Housing Market Doesn't Need Much for Buyers to Return

Surging mortgage rates have brought the housing market down from its giddy highs earlier this year. Now the question on everyone’s mind is how low will building, buying and prices go? We’ve already seen people who follow the market speculate about housing prices falling 10% or even 20% from peak levels.

But that kind of shock-and-awe analysis is incomplete, and based on an assumption that housing affordability has to snap back to pre-pandemic levels, or match some theoretical monthly payment-to-income ratio. A better guess about where the housing market will stabilize would take into account the fact that housing activity was still just fine up until April, even though affordability was much worse than pre-pandemic. You also would need to account for the squiggles in the data as mortgage rates have moved up and down since then.

And those measures suggest it wouldn't take much for the housing market to get back into balance with more stable pricing and transactions. It might take as little as mortgage rates falling back to below 6%, or some additional modest declines in home prices combined with a little more wage growth for workers.

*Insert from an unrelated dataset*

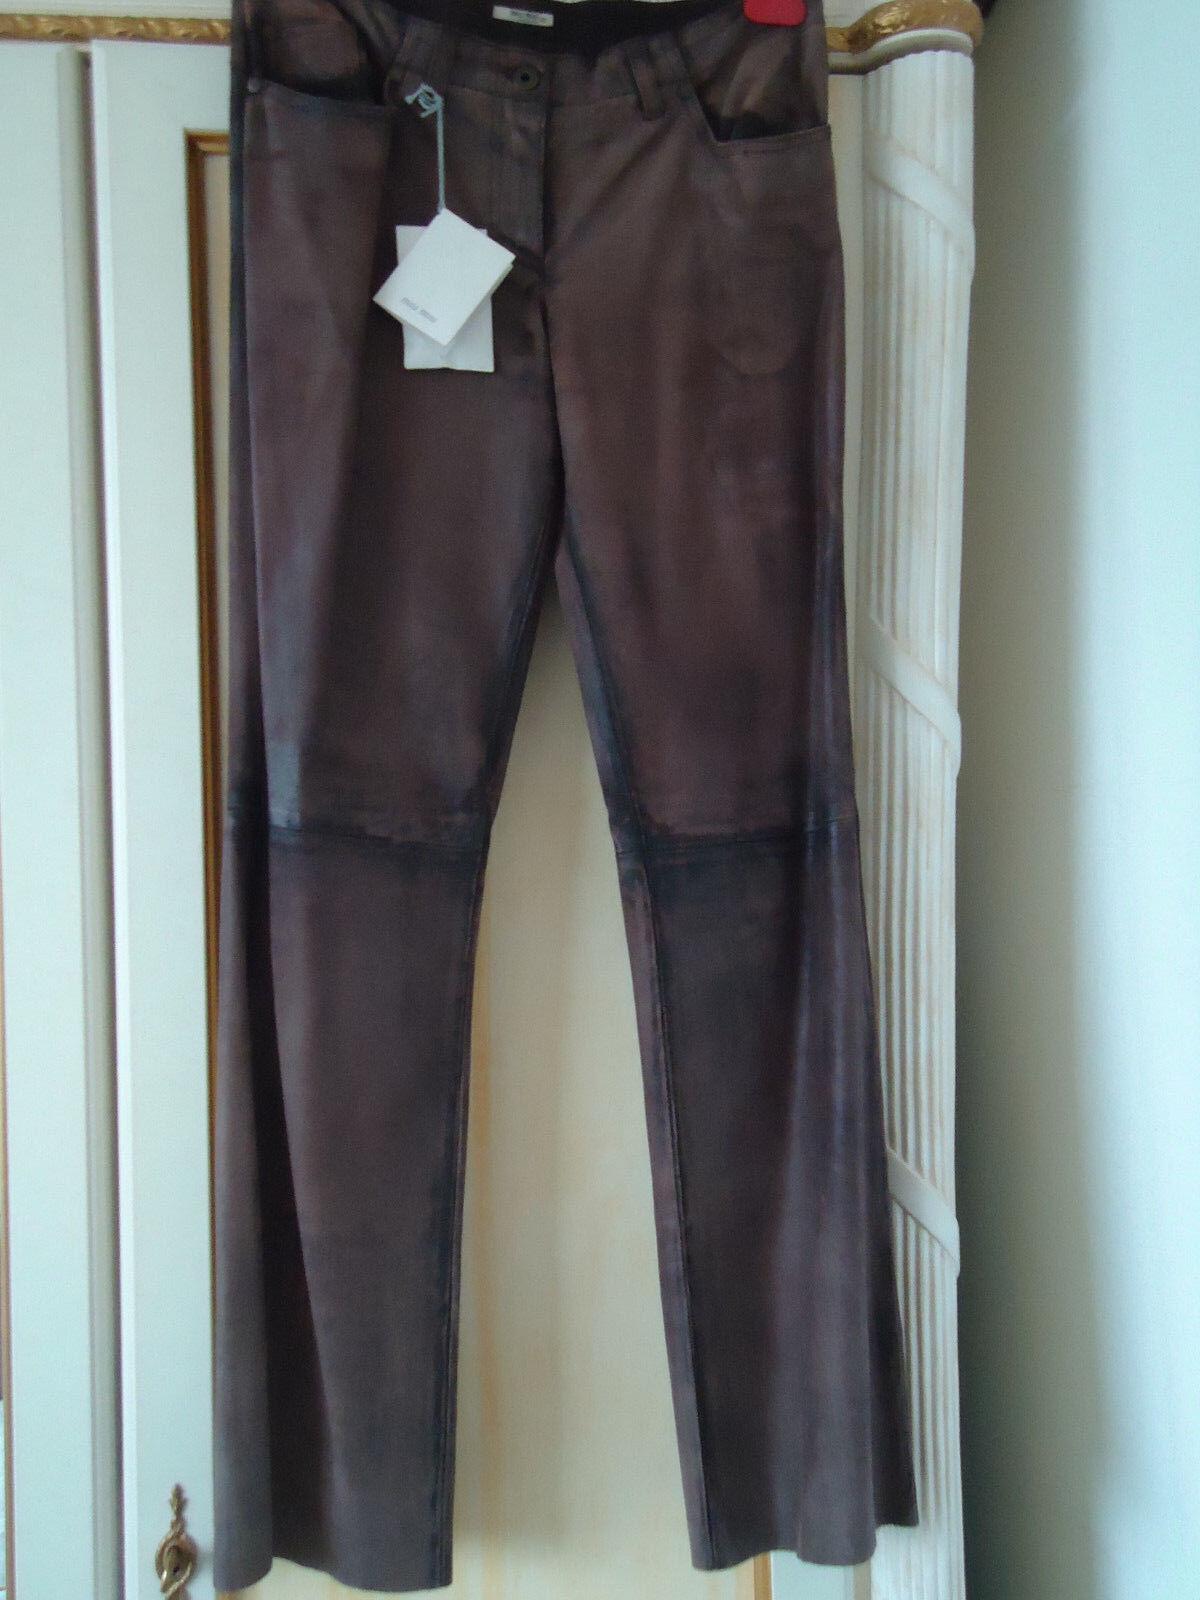 MIU MIU von PRADA Echt Leder Hose Jeans Braun Grau It.42 (D.36 38) Jades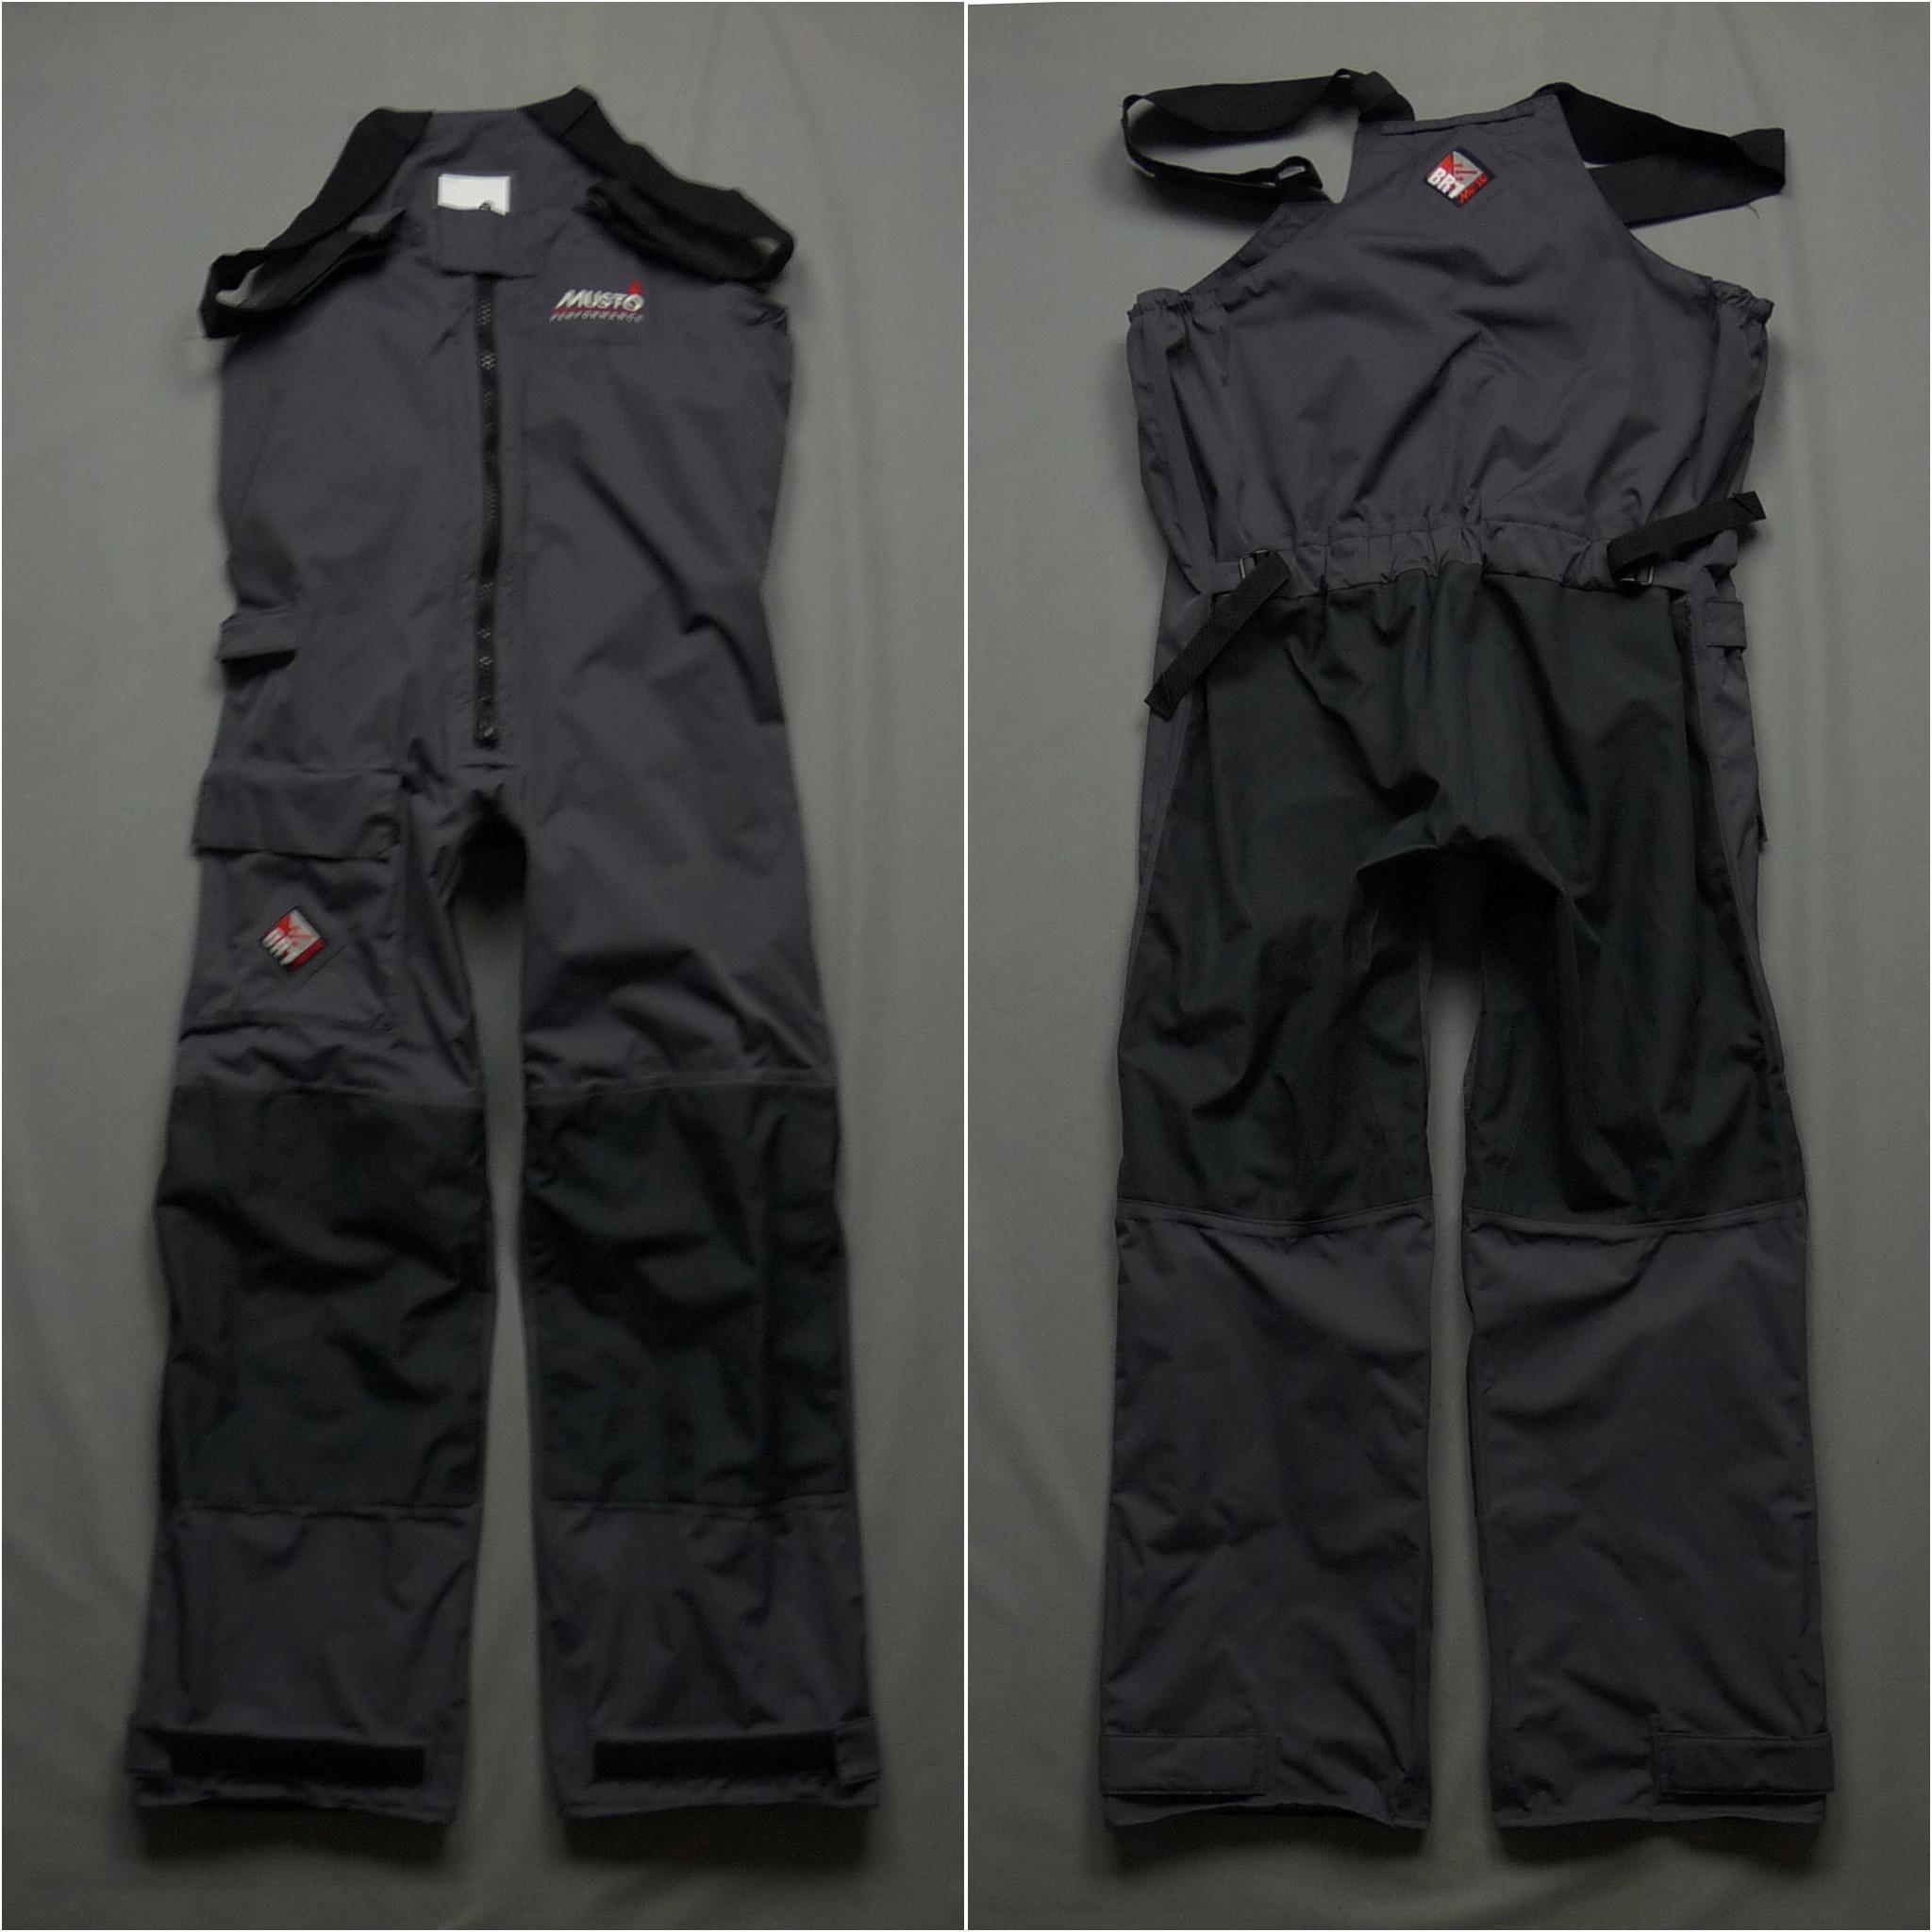 MUSTO BR1 męskie spodnie żeglarkie sztormiaki XL

The online real estate brokerage Redfin puts out a weekly report looking at a variety of housing metrics, and it was their end of April report that made it clear that the housing market was slowing. That's when asking prices for homes had risen by more than $400,000, mortgage rates had breached 5%, and monthly payments had risen by the most on record compared with the prior year.

A lot has changed since then. The average mortgage rate was 6.13% last week after touching 7.3% in October. Asking prices for homes have fallen, and worker incomes have continued to grow — yet despite all that volatility there has been remarkable stability in the monthly payment buyers are committing to.